Displaying More Complex Data
I'm going to take a brief break in the sacred cow series to address something that came up in my 9-to-5. It was one of those situations where it was clear there was a need for a better solution, but it wasn't obvious exactly what that solution was. This did not involve presentation slides, but it is no less relevant to similar situations that happen to involve slides.
I was asked to review a report on an evaluation of some solutions against a list of criteria. At the end was a chart much like this one to the right. (The data in this and all following examples are not the same as what I encountered (for hopefully obvious reasons), but should be similar enough in concept to be illustrative.) As you can see, even when you click on the chart to see the full-sized version, it's unreadable. The story that the chart is trying to tell isn't at all obvious and it takes far too much effort just to read it, data point by data point. There had to be a better way.
Remembering what I learned from Edward Tufte, I suggested that perhaps this is a situation where a data table would actually be more appropriate. However, I also added that we might want to use some color to help convey the story rather than make the reader make heads or tails of 64 numbers that look similar enough to visually blend in together.
What I got back was something like this. By this time, we didn't have time to continue to tackle the problem and it was a valiant effort on their part, but this too had its problems. On the positive side, there was good color contrast to visually separate the values qualitatively. However, what hurt this design was how the text was unreadable in some colors. Changing the text colors in the red and green cells only probably would not have helped the readability either. There was also the issue, in my mind, of too many qualitative distinctions. The scale wasn't logical, but adjusting the scale with the four qualities intact didn't improve things either.

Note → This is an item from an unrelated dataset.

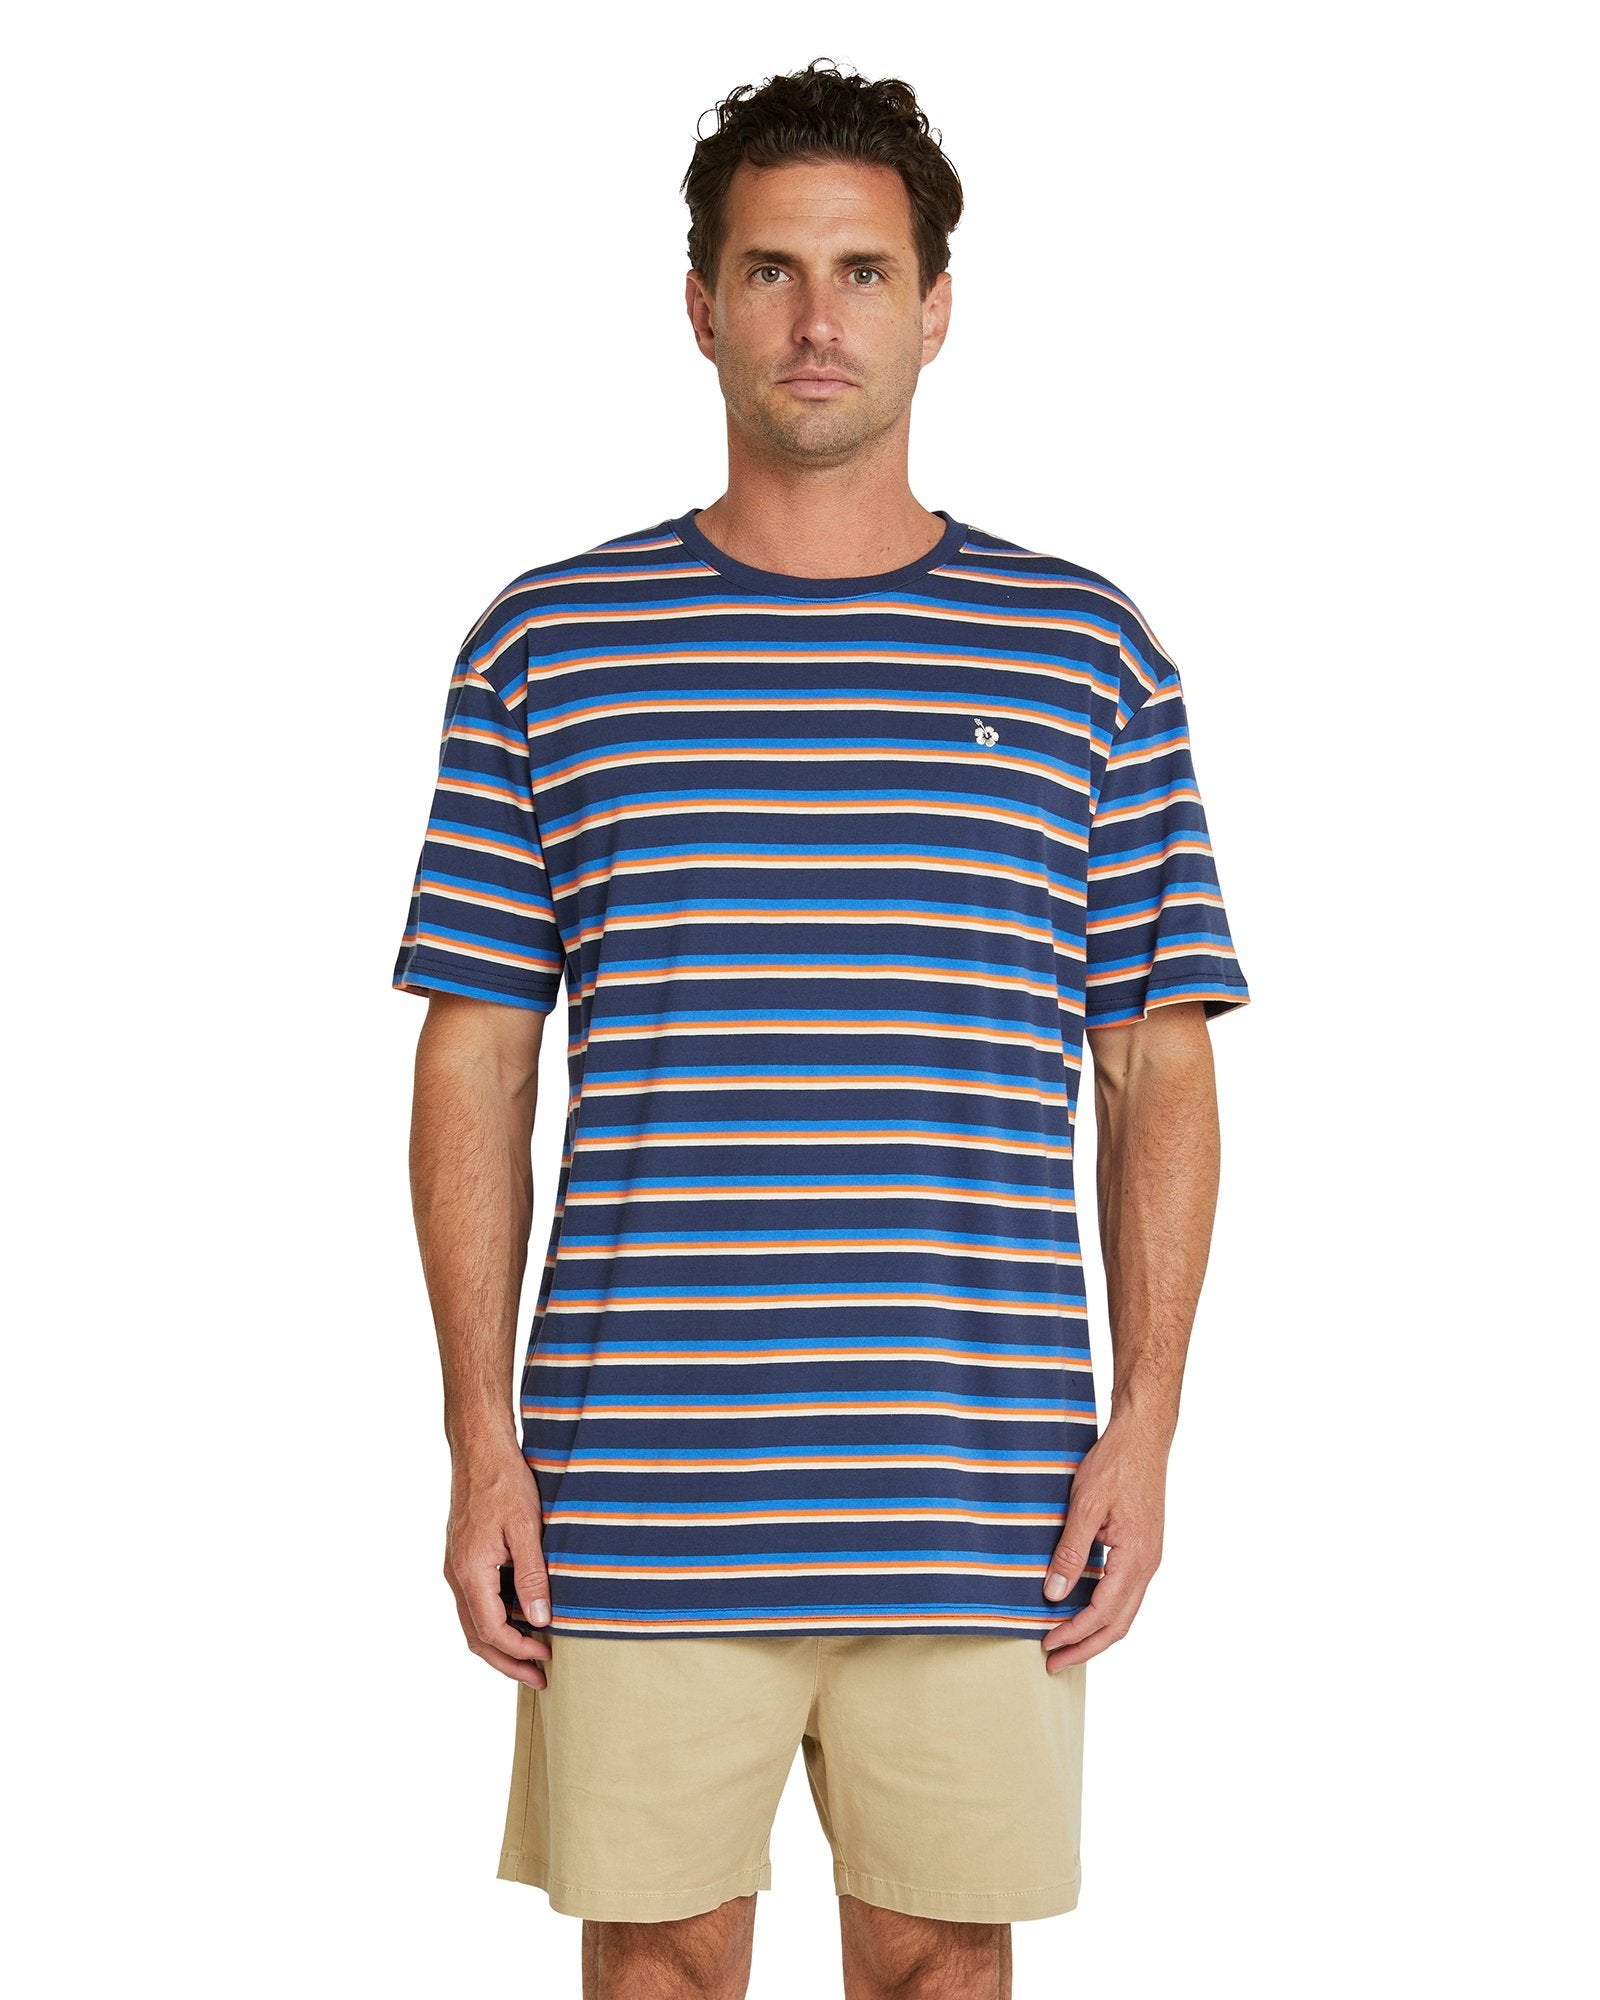 Mens - T-Shirt - Staple Stripe - Navy/Blue

Since there was no more time to make modifications, this is what we were left with. What I did do, though, was to tackle this problem as an academic exercise.
The first changes I made were to change the number of quality distinctions from four (Great, Good, OK, Bad) to three (Good, Acceptable, Poor) and try to make the text more readable. To make the numbers easier to read, I got rid of the colored cell backgrounds and instead applied the color to the text. To keep the reader from getting lost in the data, I used alternating shading for the rows, a subtle, but effective technique. What I had now was better, but still could use improvement.
The next change I made was simple, but yet yielded a much easier to read data table. I split the categories up into groups of four. This could represent groupings of categories or it could merely be a visual break; a chunking of data, if you will. Breaking data up into manageable chunks makes it easier for the reader to consume and remember the data you're providing.
Now, this seemed to be a workable solution. I then asked myself what other ways I could realize the same or better effect. At this moment, I remembered the well known and higly effective tables that are found throughout Consumer Reports magazines. Sometimes they contain data and sometimes they just contain symbols. These symbols could take the place of the colored text to provide a more meaningful table. This next version contained my variation of this technique. I created symbols similar in concept to those in the famous magazine and placed them along with the data, which are now in a simple black typeface.
My next thought was, "What if the raw data is not necessary for this given audience? What if the high-level meaning or importance of the values needs to be conveyed and not the values themselves? What we have now is a table with just the symbols and no data, save for the total values at the bottom. Now, instead of giving the reader a whole lot to read and consider, we're giving them what's important to them: the simplified significance of the values.
You can, of course, apply the chunking of the data to these symbols as well. These symbols are information to be consumed just as the raw data was.
The lesson from this whole exercise was that you should always consider and reconsider how you display your data. Consider an approach that is different than what you would normally take. Put yourself in your reader's or audience's shoes and don't stop improving it until it has the effectiveness that you would expect it to have.